#### [SOURCE DATA]
___

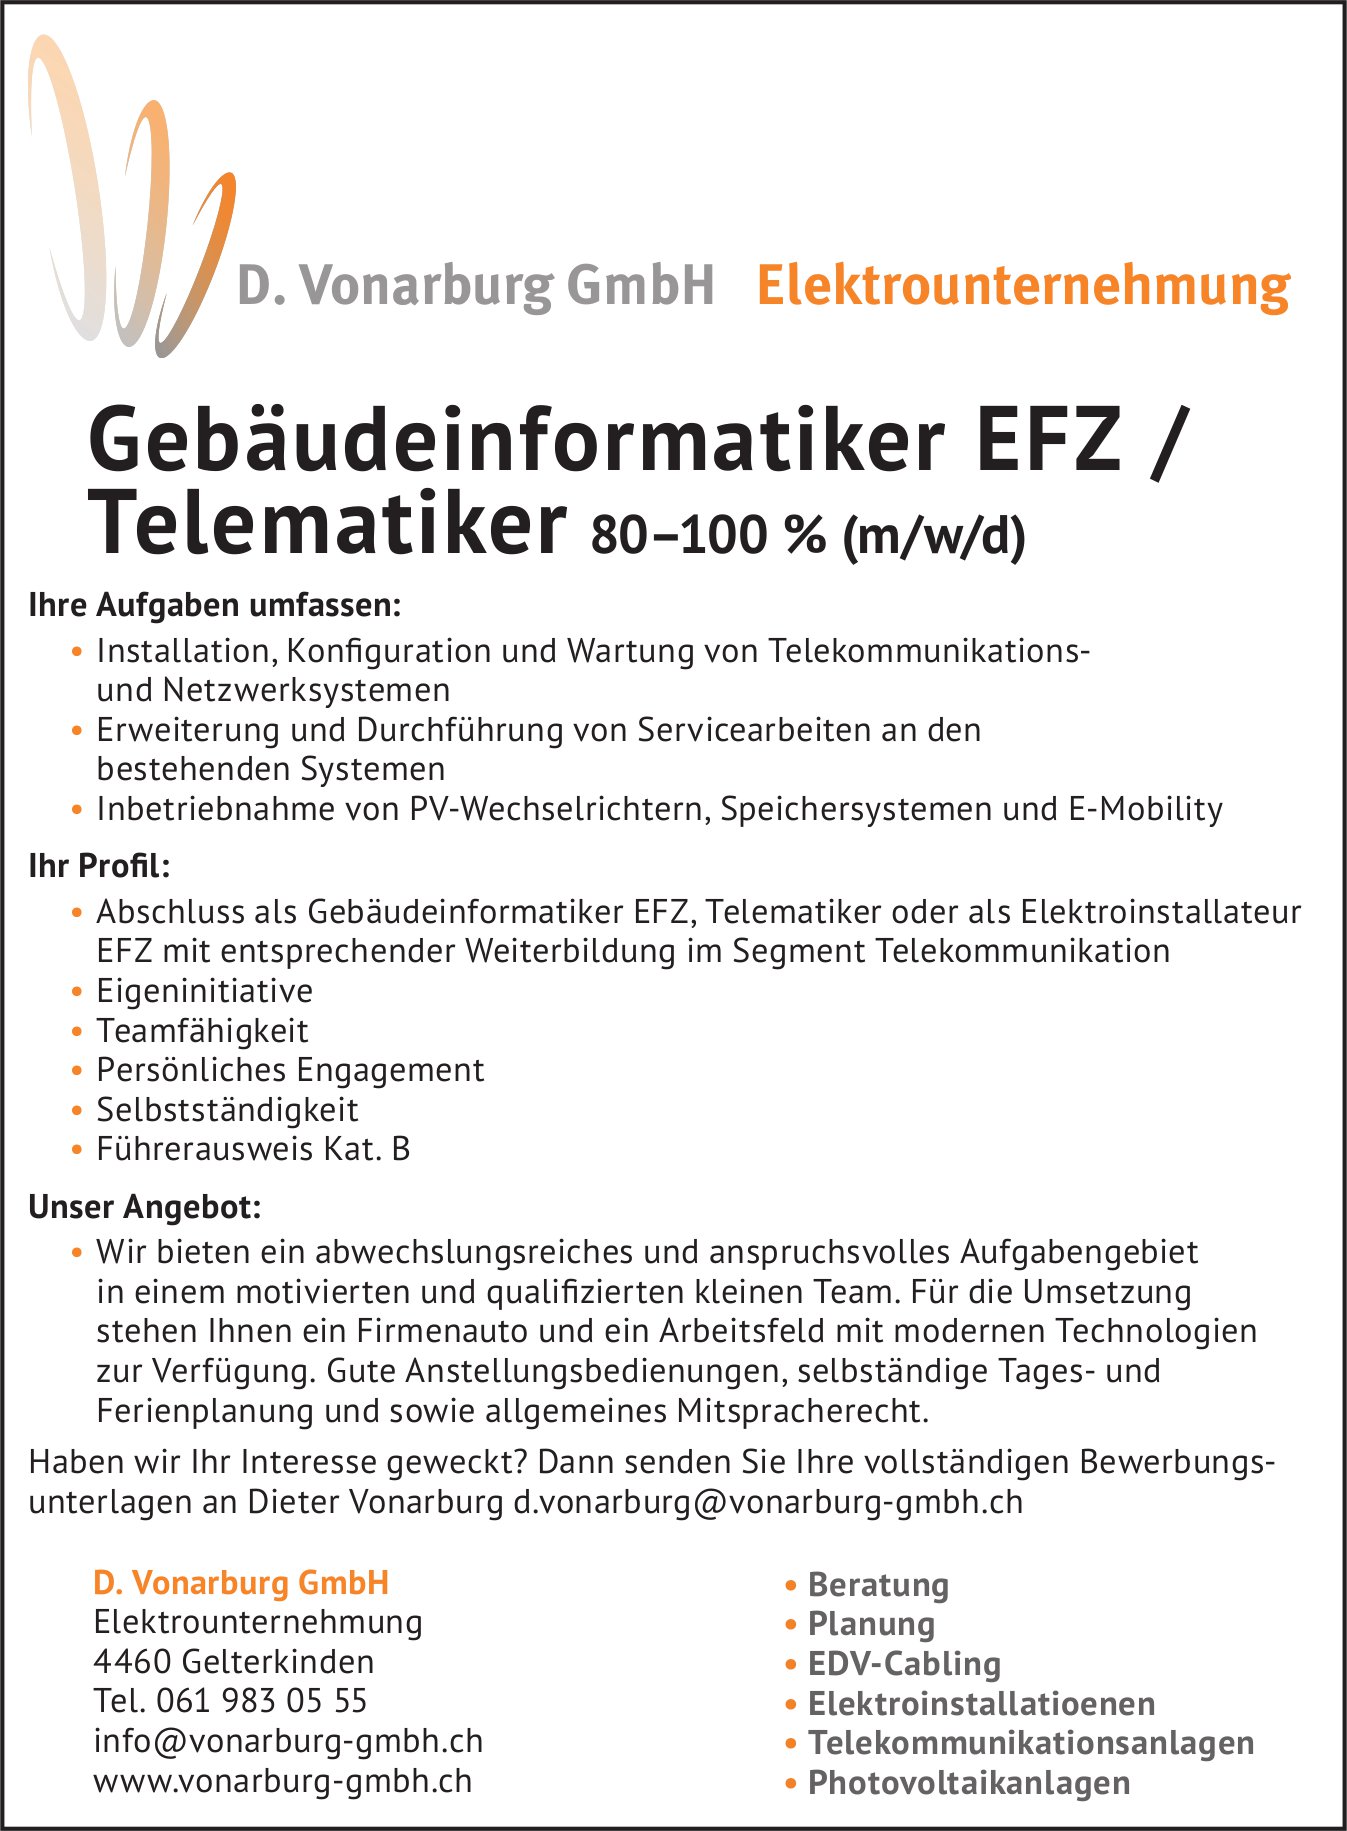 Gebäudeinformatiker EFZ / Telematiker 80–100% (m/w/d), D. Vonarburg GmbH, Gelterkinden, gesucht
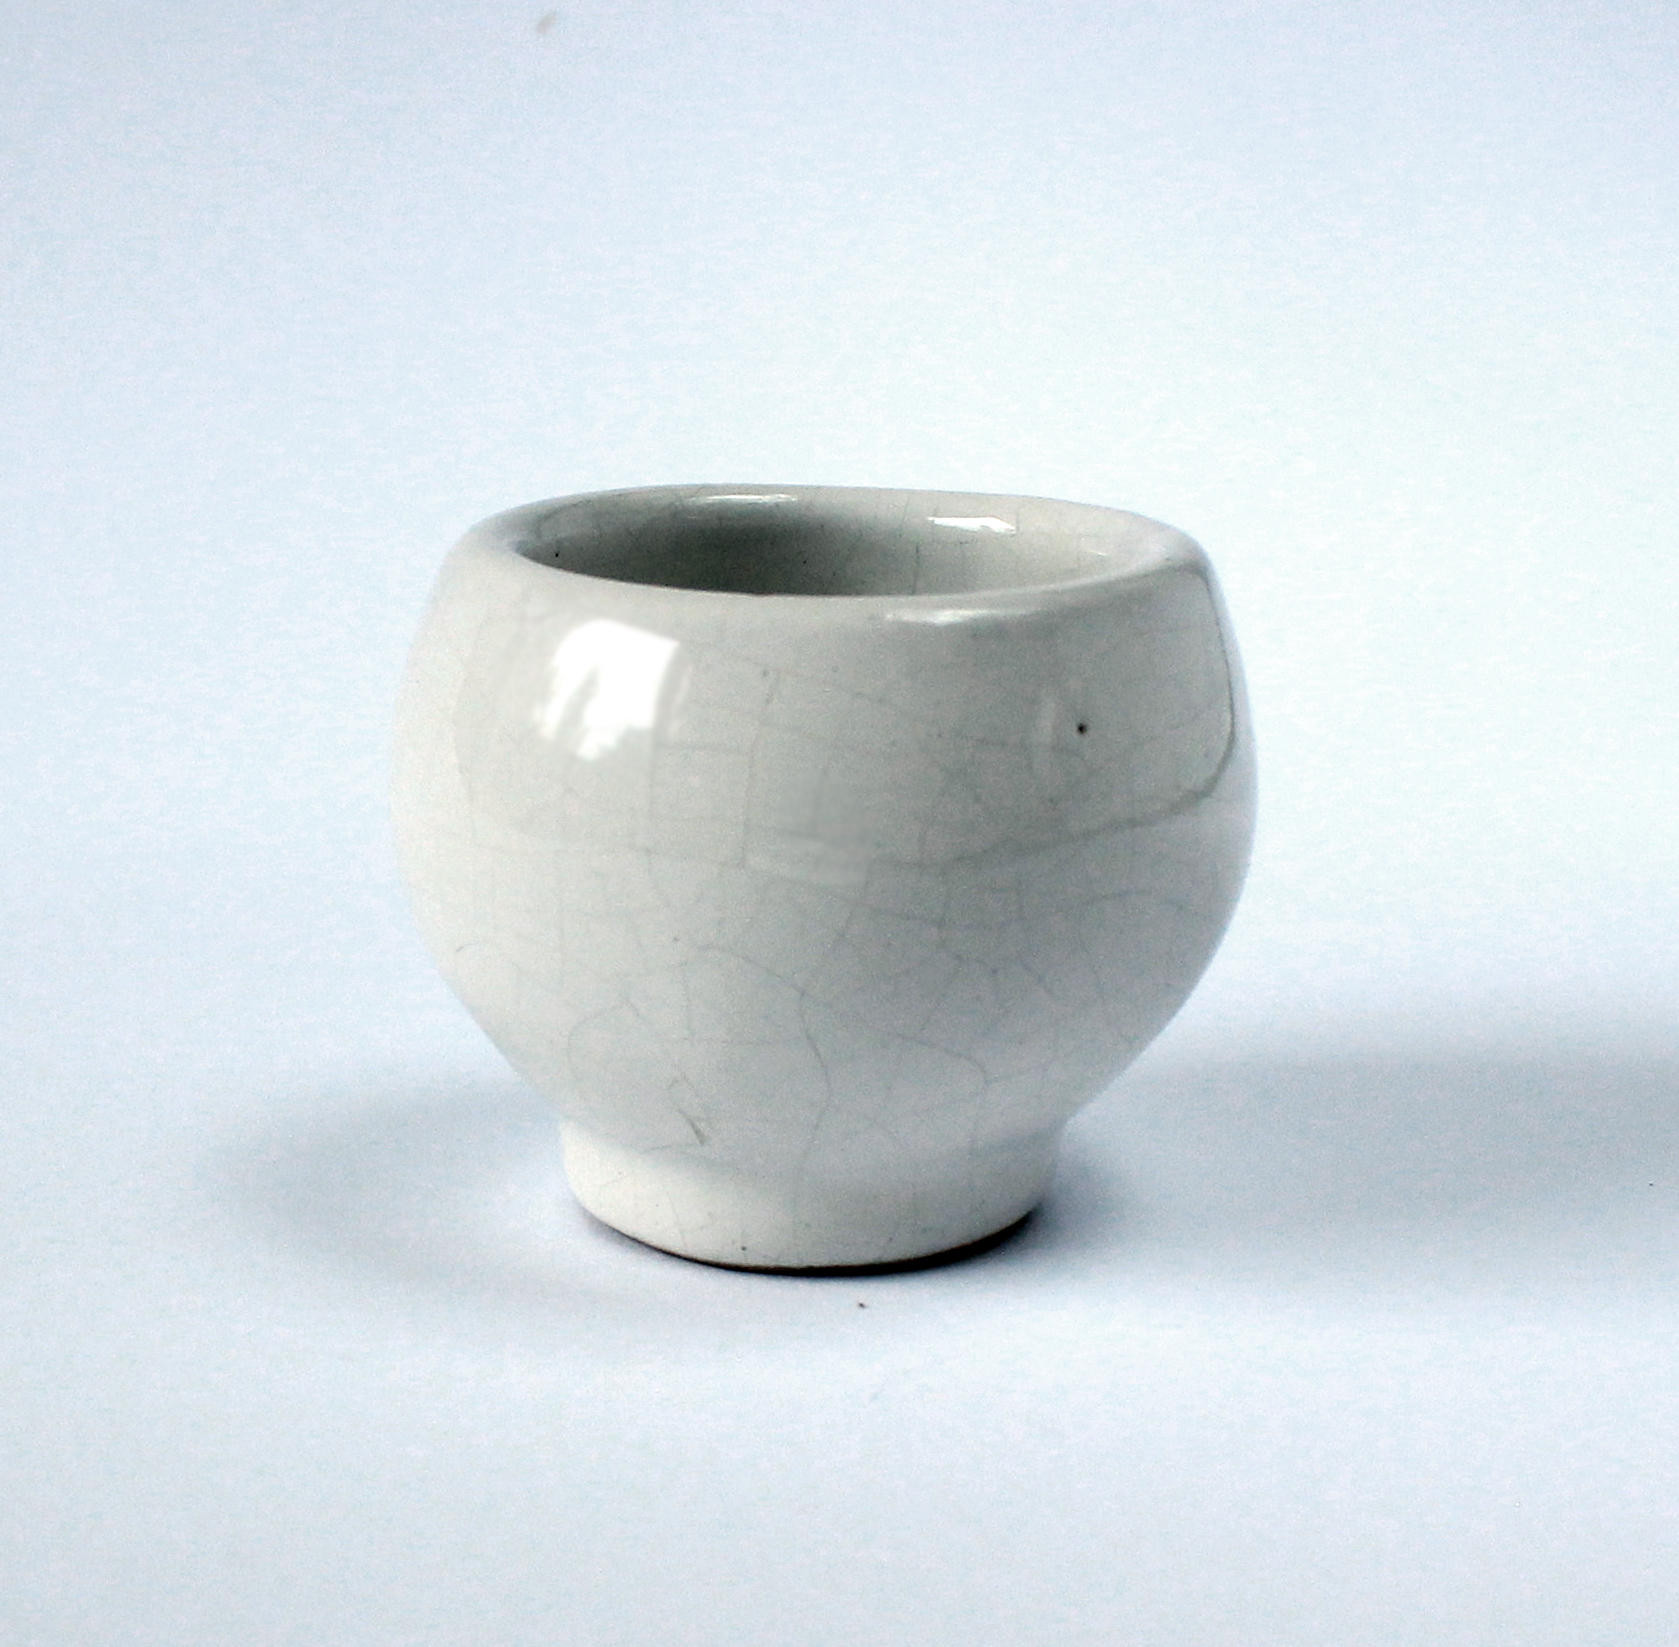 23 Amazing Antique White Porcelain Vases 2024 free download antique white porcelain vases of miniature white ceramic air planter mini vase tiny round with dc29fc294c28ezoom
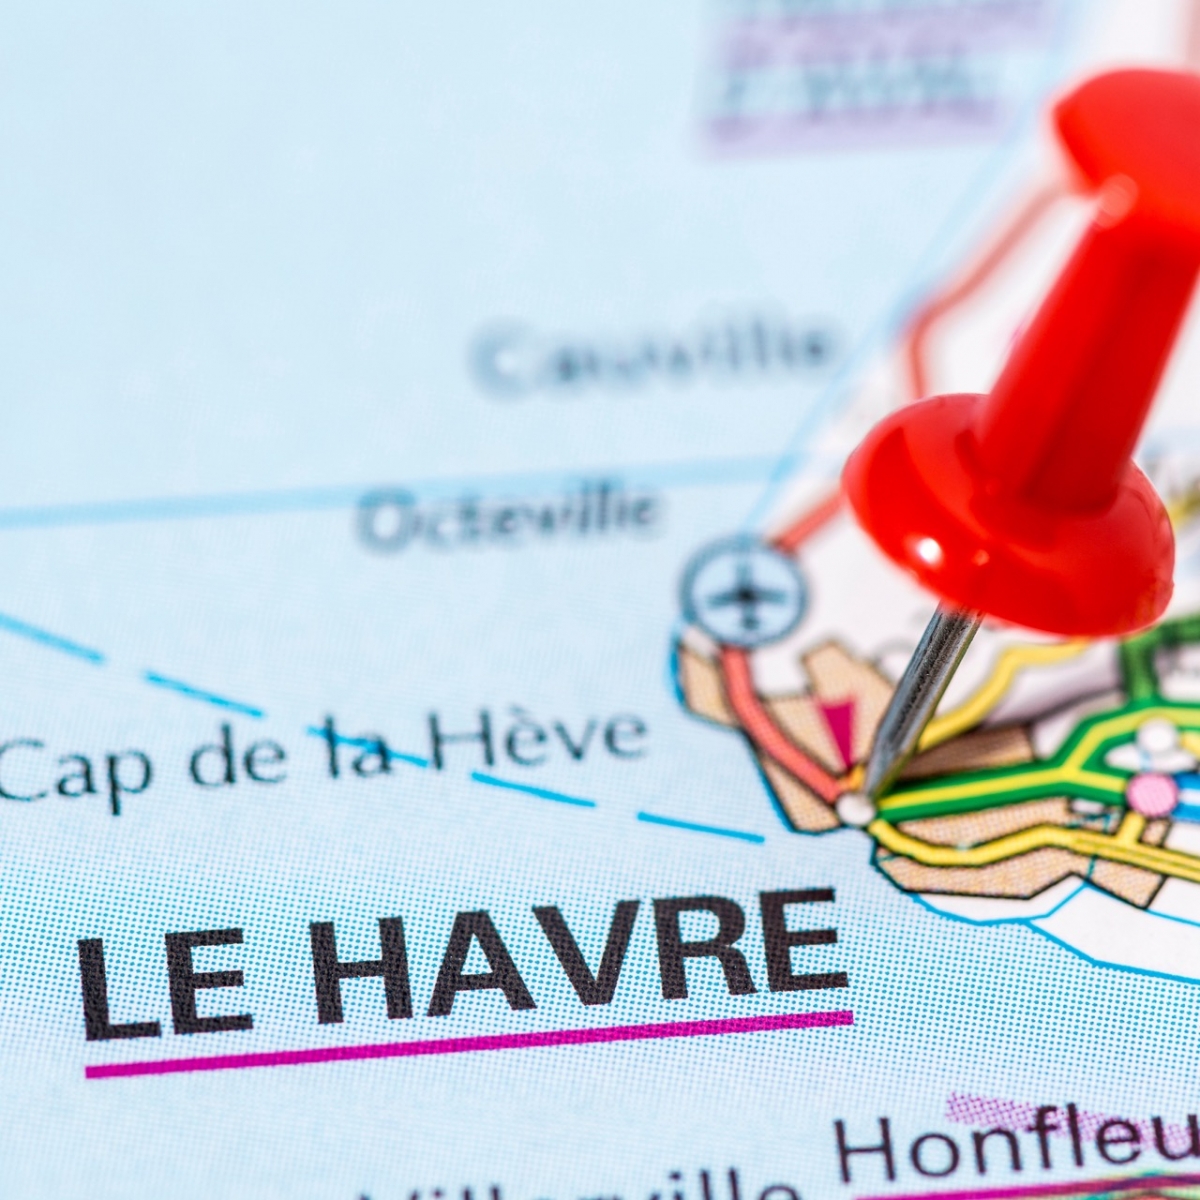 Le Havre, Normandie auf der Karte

___

#### [TASK DETAILS]
Could you copy the listing above exactly, without its pictures?

#### [EXPECTED OUTPUT]
 Gebäudeinformatiker EFZ / Telematiker 80–100% (m/w/d), D. Vonarburg GmbH, Gelterkinden, gesucht
 23 Amazing Antique White Porcelain Vases 2024 free download antique white porcelain vases of miniature white ceramic air planter mini vase tiny round with dc29fc294c28ezoom
 Le Havre, Normandie auf der Karte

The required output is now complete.